Zeb (clanmasterzeb) wrote,

Well, things have hit a bit of a snag in terms of employment here. Due to increased government security and background checks, neither I nor the other interns could begin work today. It might be up to a week before we can actually start, which is a little worrisome financially. They've assured me that I'll have no shortage of opportunities to work overtime. Somewhat more distressing is the prospect of having to kill time for a whole week. It's surprisingly difficult in a city where you know next-to-nobody, have no car, live downtown, and everything is fairly spread out.


I’ve found a few ways to kill time. There are some gamers in town, and I went for a board-game day at a nearby store. They’re all significantly older and adhere to some unfortunate stereotypes about nerdy males. While their company does leave something to be desired, it is an opportunity to play games and do something nerdy. Beyond that, I can be shown good board games without having to buy them.

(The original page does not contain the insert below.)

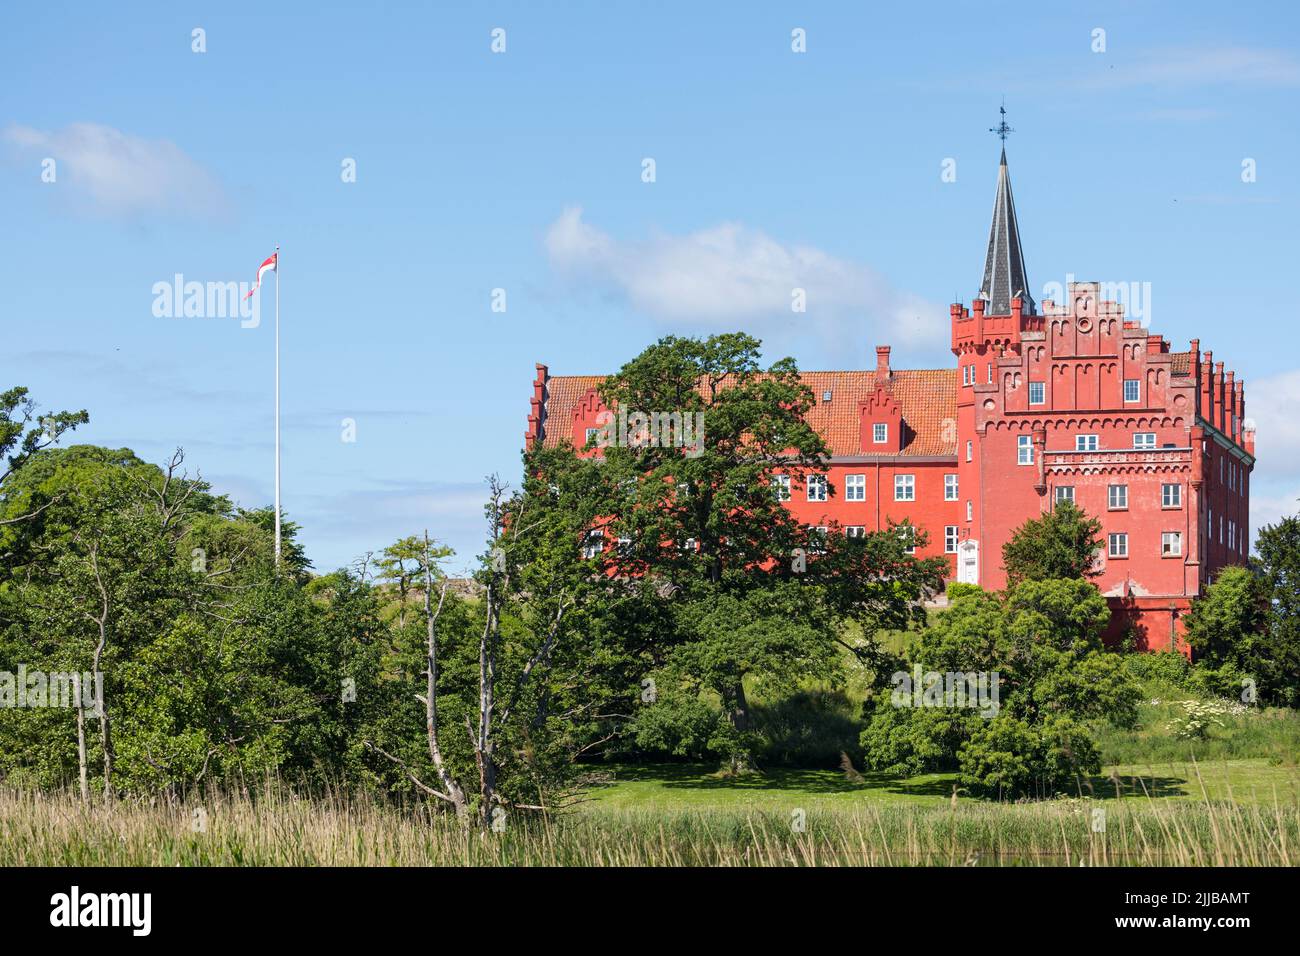 Castillo del siglo 13th en Tranekær, isla de Langeland, Dinamarca Foto de stock

I’m also trying to begin my research for my thesis. The public library here is available to me, and most of the books by Henry Rowe Schoolcraft are here as well, so I can begin all of the necessary reading right now. Unfortunately, it will take a few days before I can order books, so again, I’m waiting for the time being. I have some research to do for work, which helps. That’ll give me something to do for another couple days, and given that I might go to work at any time, it will be good to have that out of the way.


Most of my job involves research, as a matter of fact. I met with some of my bosses today, to fill out more paperwork and acquaint myself with the office, and we discussed the nature of the job somewhat. I can do archival research at the University of Alaska, the Anchorage Museum, the NPS Office and the various city libraries. I have to say, this is a step up in the world; having my own cubicle and office gear feels a little better than working as a house painter. Beyond that, doing nothing but research all summer is not a bad fate.

Some of my work also involves publications, and that’s the part where I get a little excited. It’d be one thing if all I do this summer is write what other people have written, but some of this is going to be my own writing. In a week or so, Bonnie (my boss) and I are headed to the Kennecott mine to do some research on a cabin that was owned by an early bush pilot. I’ll write more about that later, but the important bit is that I get to write the Determination of Eligibility Report for it to go on the National Register. I can be proud of that.